METHODS: We investigated aNAbs in 31 people with HIV-1 (PWH) on ART.
RESULTS: Participants fell into 2 groups based on a high or low fraction of aNAb-resistant reservoir isolates, with most isolates being aNAb-resistant (IC50 > 100 μg/mL). Time on uninterrupted ART was associated with higher aNAb resistance. However, pharmacodynamic analysis predicted that many isolates would be partially inhibited at physiologic IgG concentrations, to the same degree as by single antiretroviral drugs. Steep dose-response curve slopes, an indication of cooperativity, were observed for the rare isolates that were very strongly inhibited (> 5 logs) by aNAbs. Resistance to aNAbs was not fully explained by declining in aNAb titers and may be driven partially by ADCC-mediated elimination of infected cells carrying aNAb-sensitive viruses over long time intervals, leaving only aNAb-resistant viruses, which can contribute to viral rebound.
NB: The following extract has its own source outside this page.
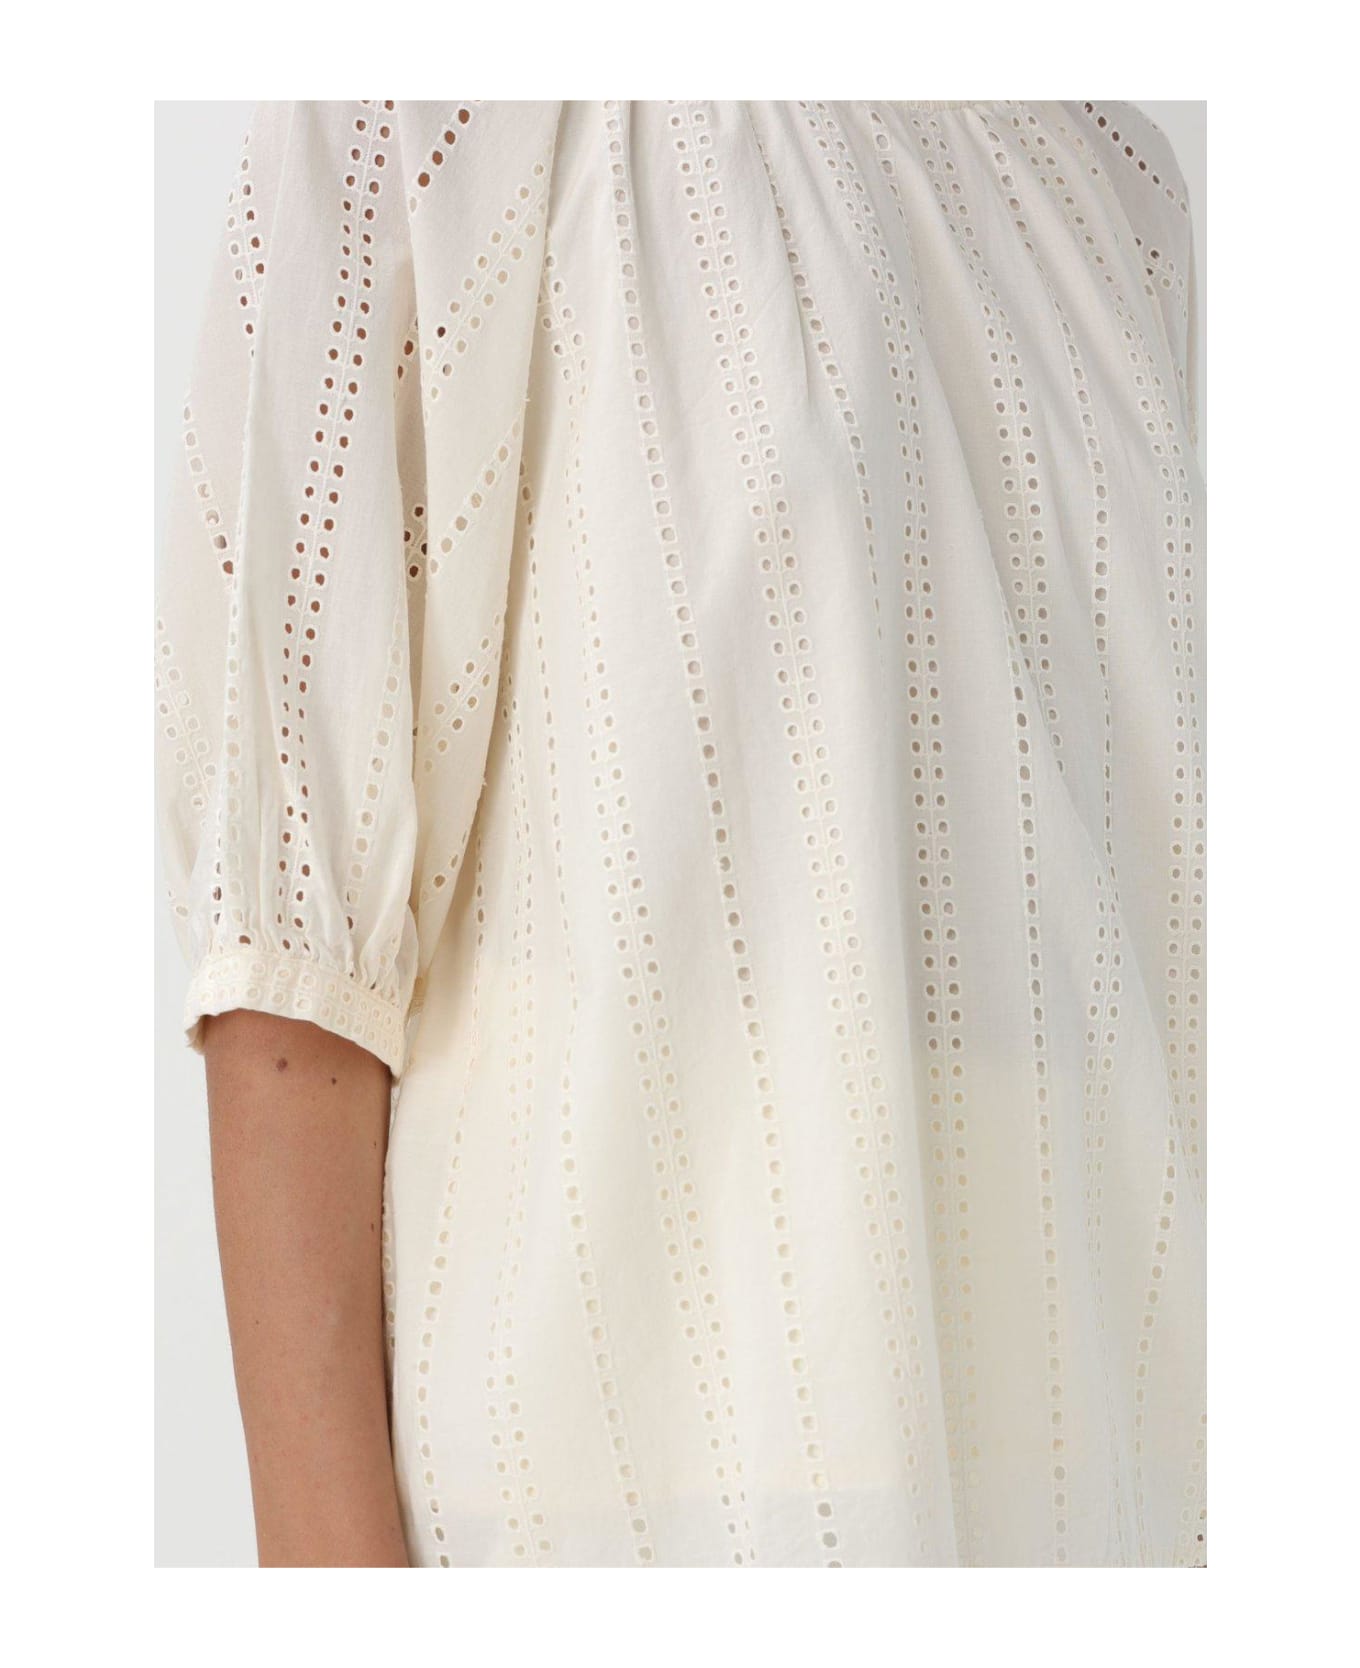 Woolrich Embroidered Short-sleeved Blouse - White

CONCLUSION: Inhibition of reservoir viruses by aNAbs may be affected by dose-response curve slope, time on uninterrupted ART, waning of antibody responses, and selection against cells with aNAb-sensitive viruses.
FUNDING: This work was supported by NIH Martin Delaney Collaboratories for HIV Cure Research grant awards UM1AI164556, UM1AI164570, and UM1AI164560, and the Howard Hughes Medical Institute.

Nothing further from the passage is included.